* Dataset section

━━━━━━━━━━━━━━━━━━━━

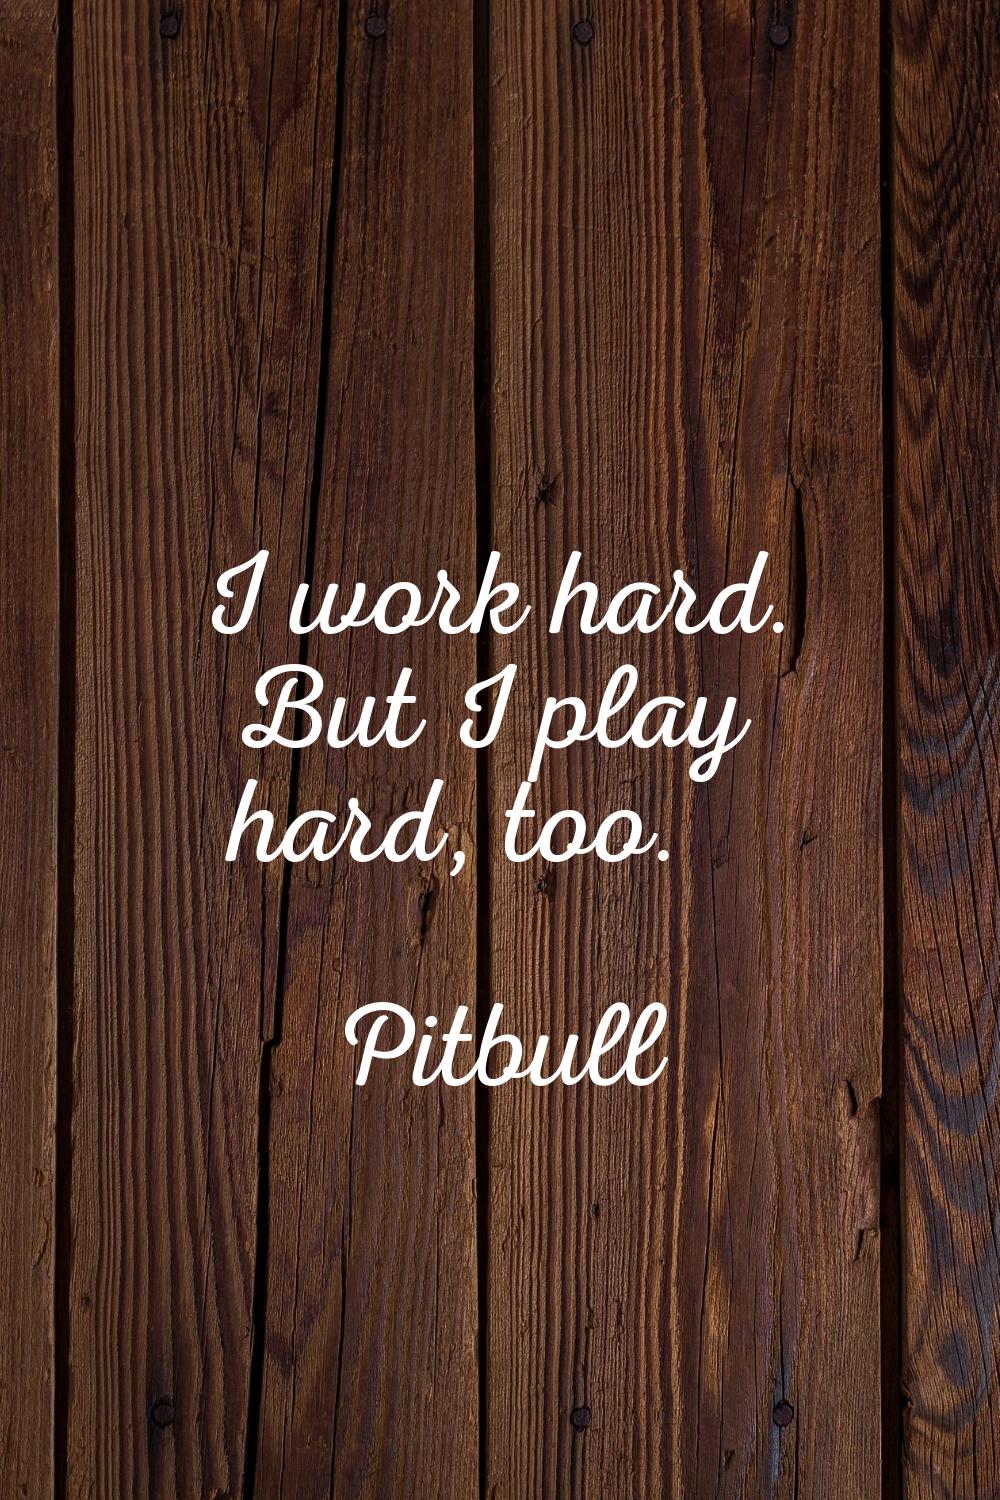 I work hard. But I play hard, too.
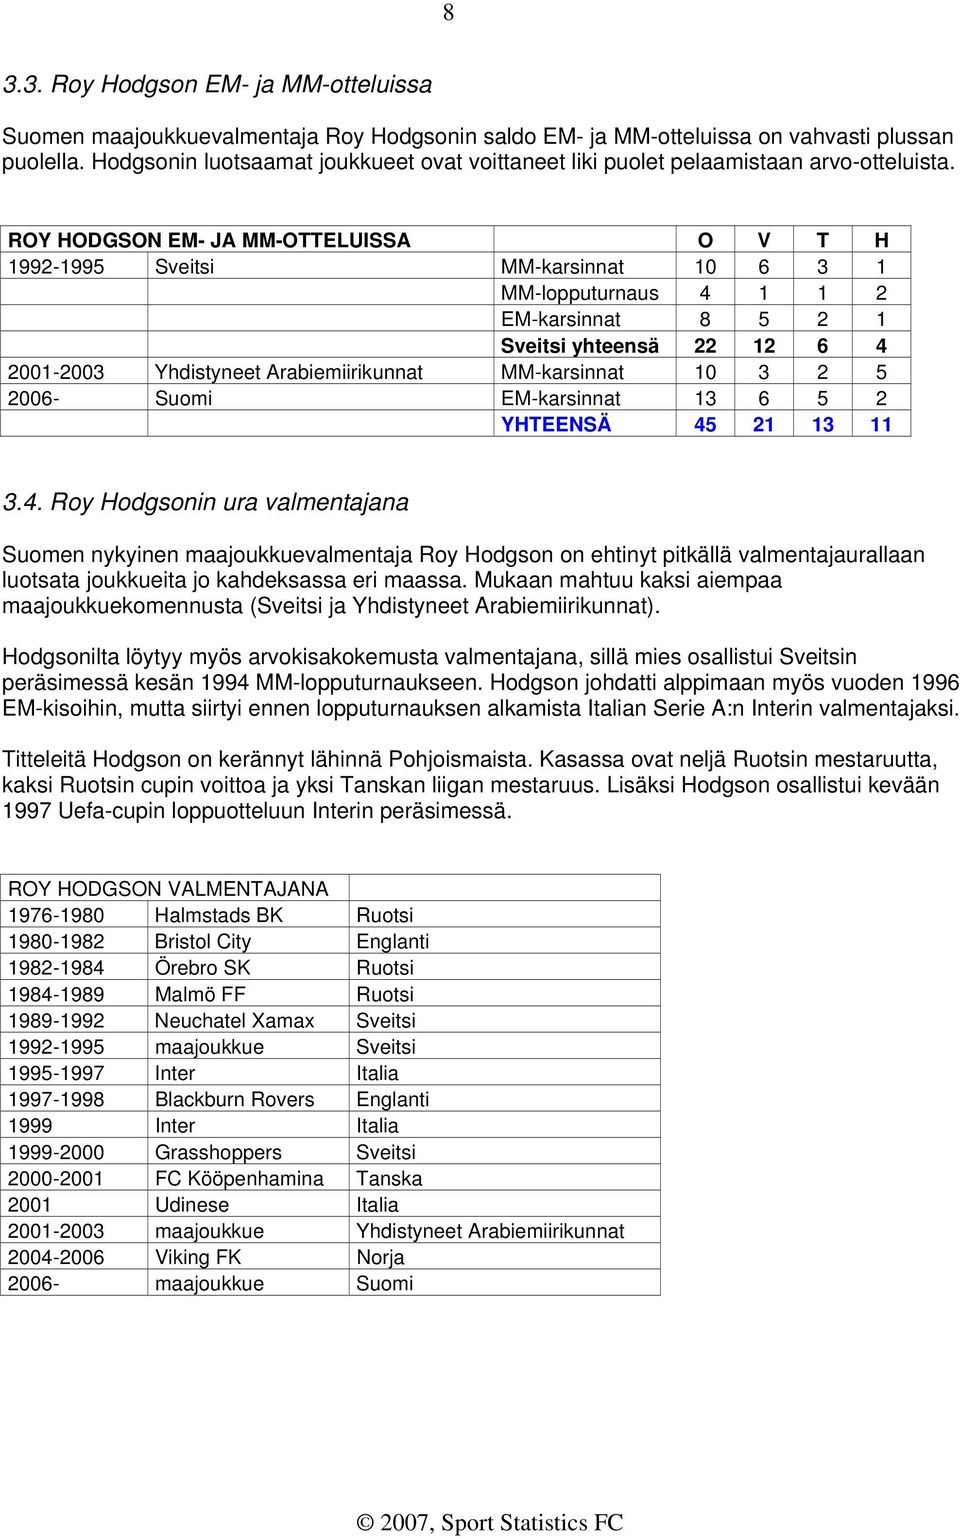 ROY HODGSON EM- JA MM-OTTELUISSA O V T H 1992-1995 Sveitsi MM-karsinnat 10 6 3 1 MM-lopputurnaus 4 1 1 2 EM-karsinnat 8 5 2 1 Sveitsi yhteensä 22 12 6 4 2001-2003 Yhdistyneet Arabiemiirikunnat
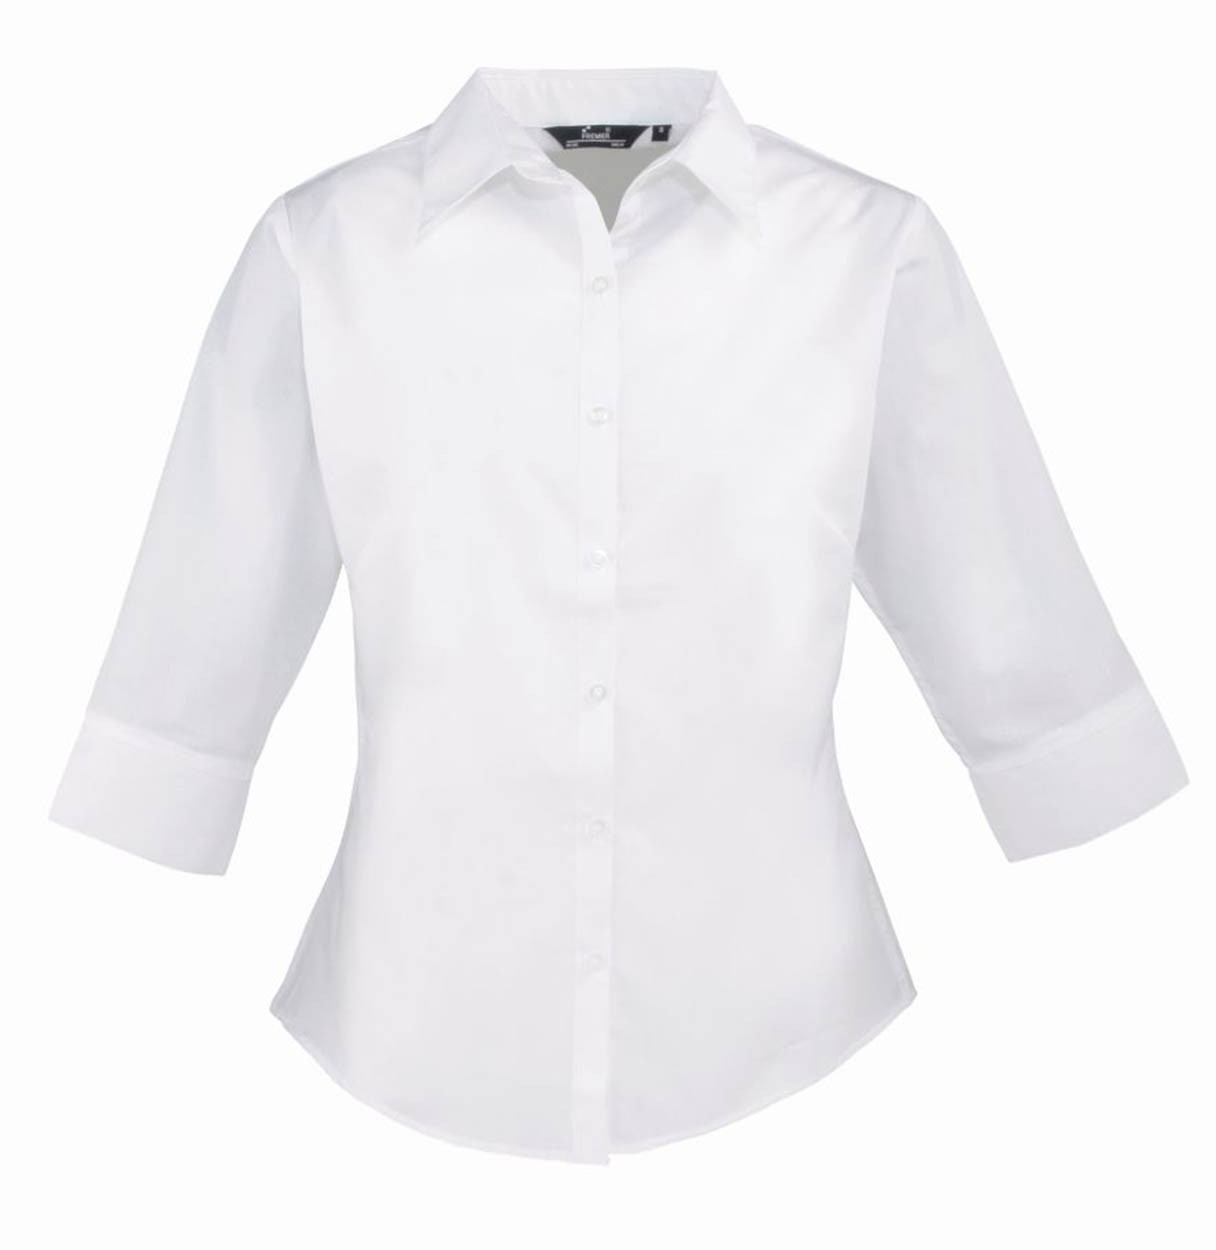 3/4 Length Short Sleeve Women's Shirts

━━━━━━━━━━━━━━━━━━━━

* Work required
When you reach the line that contains "ROY HODGSON EM- JA", start copying the listing word for word and stop only after its last line, without any pictures.

* Answer space
 ROY HODGSON EM- JA MM-OTTELUISSA O V T H 1992-1995 Sveitsi MM-karsinnat 10 6 3 1 MM-lopputurnaus 4 1 1 2 EM-karsinnat 8 5 2 1 Sveitsi yhteensä 22 12 6 4 2001-2003 Yhdistyneet Arabiemiirikunnat
 3/4 Length Short Sleeve Women's Shirts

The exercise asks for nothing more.